Hacker News new | ask | show | jobs
by hnarn 1027 days ago
> not all engineers can operate with SQL as efficiently as with code

I don’t mean for this to sound insulting but I honestly do not think this is an acceptable take to have as a developer.

Not knowing SQL is like refusing to learn any language that has classes in it, simply because you don’t like it.

I’ve heard stories of huge corporations failing product launches because some code was written to SELECT * from a database and filtering it in-app instead of doing the queries correctly, and what’s so fun with these types of issues is that they usually don’t appear until weeks later when the table has grown to a size where it becomes a problem.

When you’re saying that you’d rather find the data in-app than in-database, you’re putting the work on an inferior party in the transaction simply because you can’t be bothered.

The code will never* find the correct data faster than the database.

* there may be exceptions, but they’re far enough between to still say “never”.

2 comments

Dropping down to SQL to write a really complex query is, in my professional experience, always a poor use of time. It's far simpler to just write the dumb for-loops over your data, if you can access it.

Of course not all engineers can operate with SQL as efficiently as code -- that's the whole point. Otherwise why would we be writing code? Learning SQL intimately doesn't change that fact.

> Dropping down to SQL to write a really complex query is, in my professional experience, always a poor use of time.

We’re not talking about Assembly here, “dropping down” to SQL is something that anyone should be expected to do as soon as you’re grabbing or modifying any data from a database in any scenario where performance or integrity matters. The errors you can see in situations like this are extremely complex and databases literally exist to solve them for us.

Also, if we just completely disregard the performance for a second and focus on data security instead, how do you ensure sensitive data isn’t passed to the wrong party if you don’t care about what queries are being sent?

I mean, it doesn’t matter if it’s not “in the end” displayed to an end user in the application you’re writing, or if its not stored in the intermediary node where your code is running, that data is now unnecessarily on the wire in a situation where it never should have been in the first place. If you end up mixing one customers data with another’s and sending all of it in such a way that it could even theoretically be accessed by a third party, that’s a lawsuit waiting to happen regardless of whether it was “displayed” or “forwarded” or not.

Imagine if you sniffed the packets going to some logistics app you use on your phone and you saw meta-data for all packages in your zip code in the response, or if some widget showing you your carbon footprint actually was based on a response containing the carbon footprint of every customer in the database. Even if it’s just [user_id,co2] it’s still completely unacceptable.

Never mind scenarios where you’re modifying, adding or deleting data, those are even worse and no explanation should be necessary for why.

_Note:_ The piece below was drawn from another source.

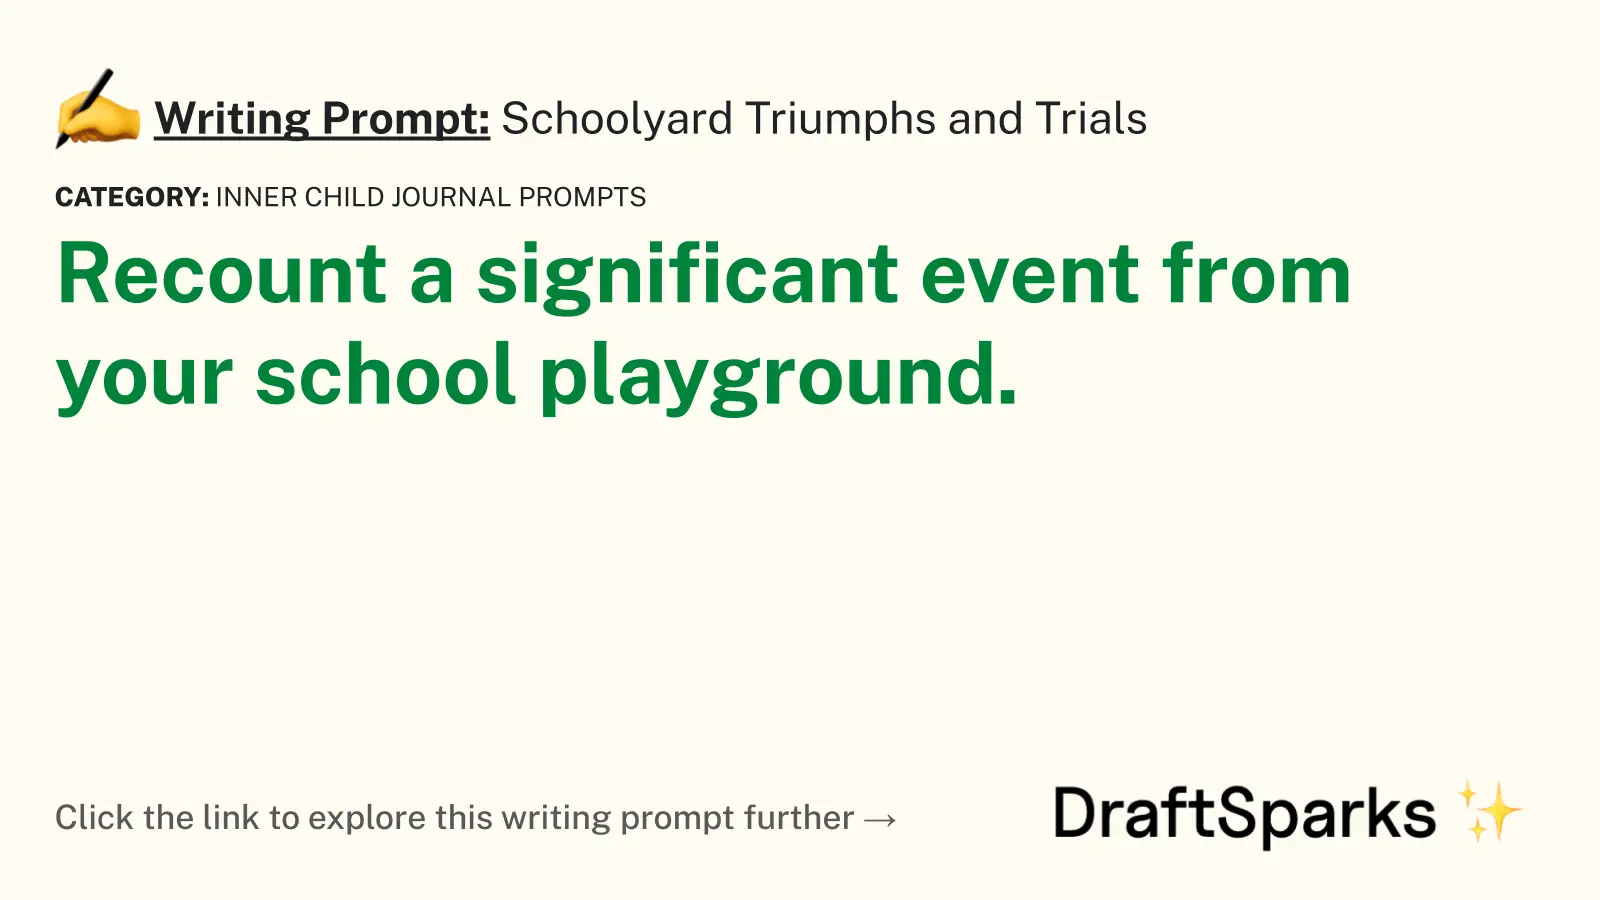 Schoolyard Triumphs and Trials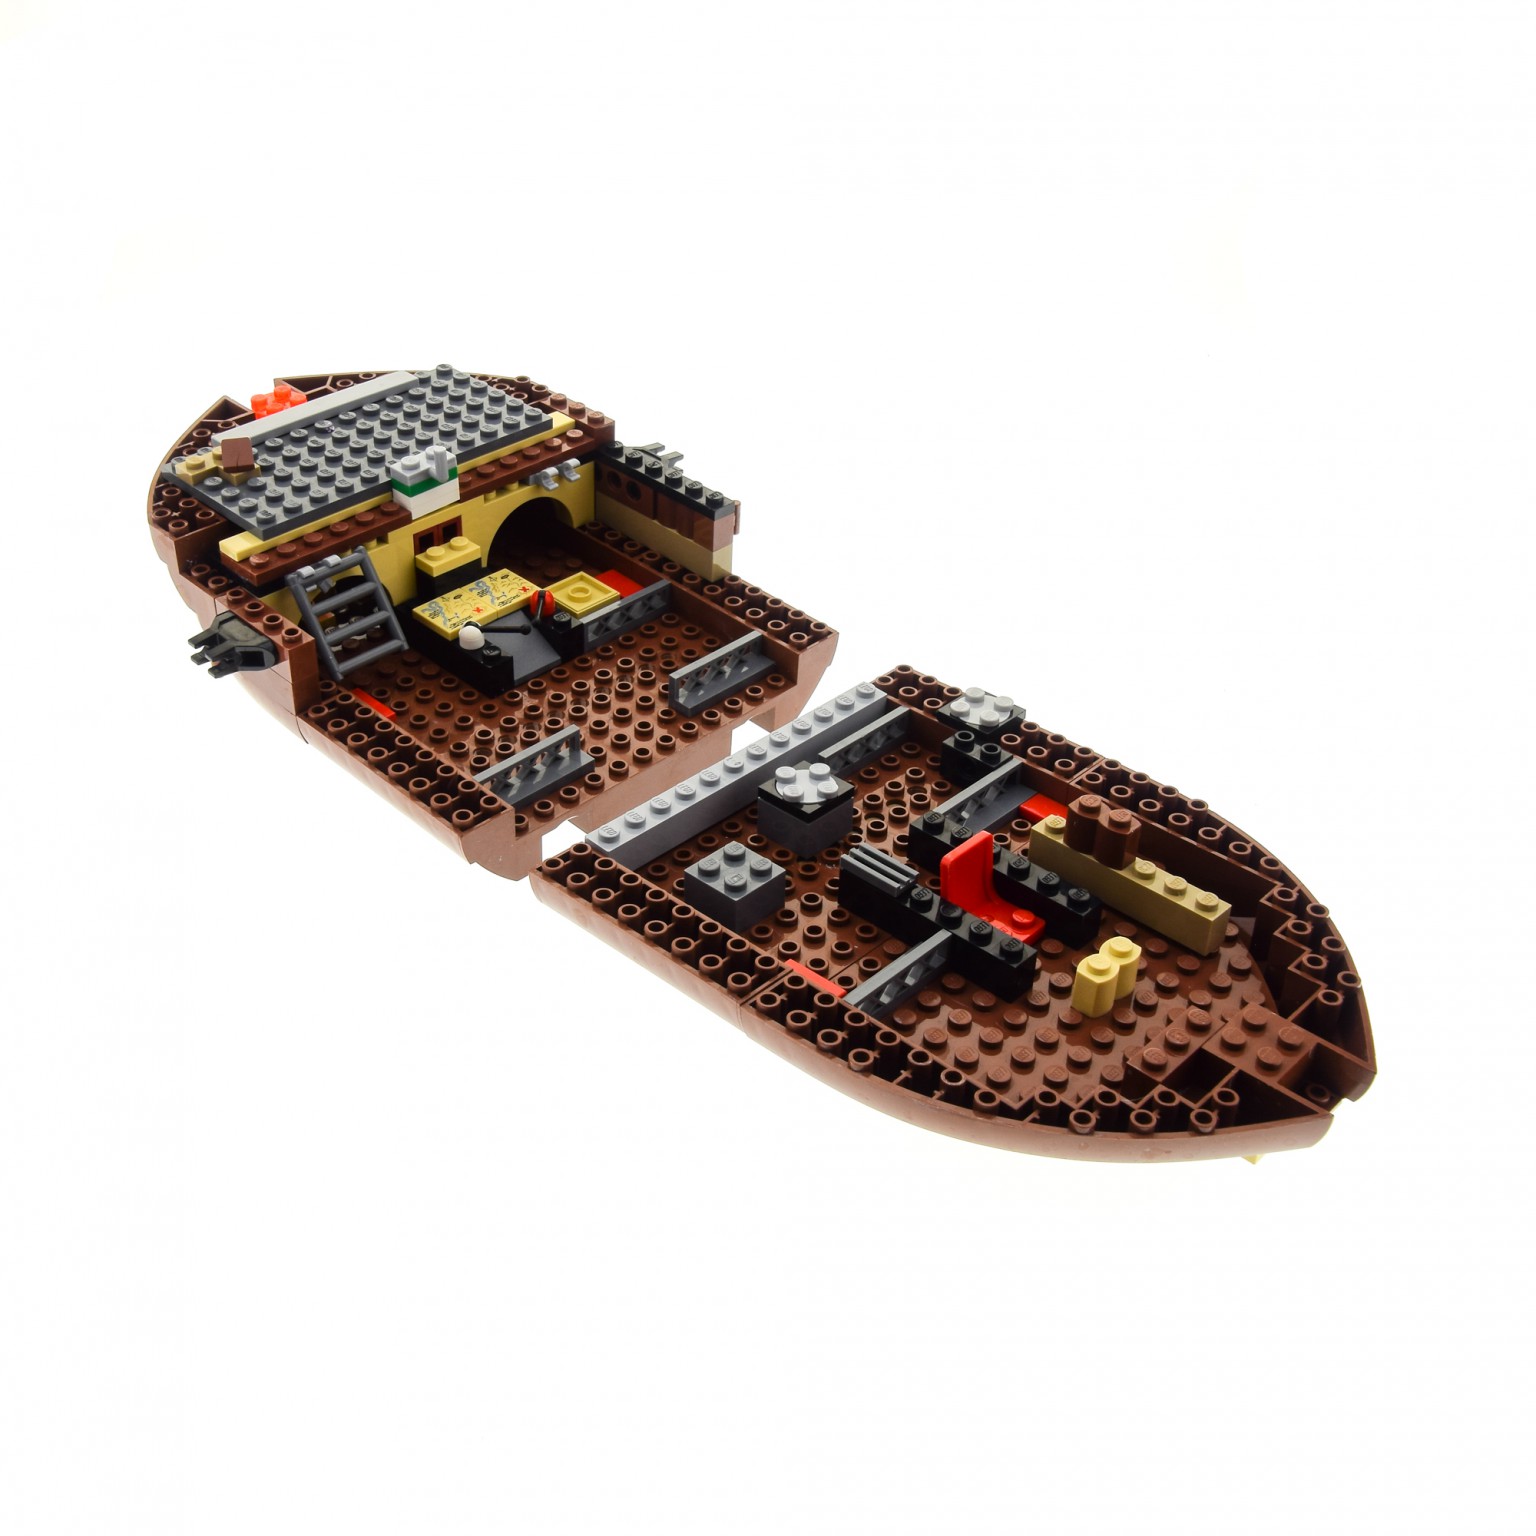 Boot aus 6243 Brickbeard's Bounty Meerjungfrau Neu Lego Piraten Figuren Set

Obviously it greatly depends on what you're doing. If you're using a relational database as a glorified key-value store for offline or batch processing of a few hundred megabytes of data, sure. Hell, just serialize and unserialize a JSON document on every run if it's small and infrequent enough ¯\_(ツ)_/¯

If you've got a successful data hungry web service with a reasonably normalized schema and moderately complex access patterns though, you're not going to be looping over the whole thing on every page load.

SQL is definitely worth learning. Recently found that processing a 350kb json is equally fast by sending it to Postgres for processing, compared to using some dedicated Java libraries: https://ako.github.io/blog/2023/08/25/json-transformations.h...

This opens some interesting options if you want to join the result with data from your database.

Way way way slower though. I just added something to our app that took 600ms for the naive ‘search and loop’ version (and kept getting slower the more items you needed, completely unscaleable) vs the 30ms for the ‘real SQL query’ version. Guess which version got actually committed.
Did your for loop solution include concurrent access by multiple clients? I highly doubt "engineers can not operate with SQL as efficiently as code" can implement anything even remotely as robust as what SQL DBMS offer even for basic use cases. Are you mutating data? What will happen if the system crashes in the middle of the mutation? How are you handling concurrent writes and reads?
It's unclear whether you mean that it's simpler to make a query and iterate over the rows to massage the result in your application or to make a query and then iterate over the returned rows to make more single-row queries. (Or perhaps some secret third thing I'm not considering.)

I'll admit I'm a little curious about what exactly you mean here.

SQL is code.
There’s a difference between writing olap and oltp sql queries. Hell, in the industry we even have a dedicated role for people who, among other things, write olap queries: data analysts. I’m assuming here that we are talking about writing complex analytical queries.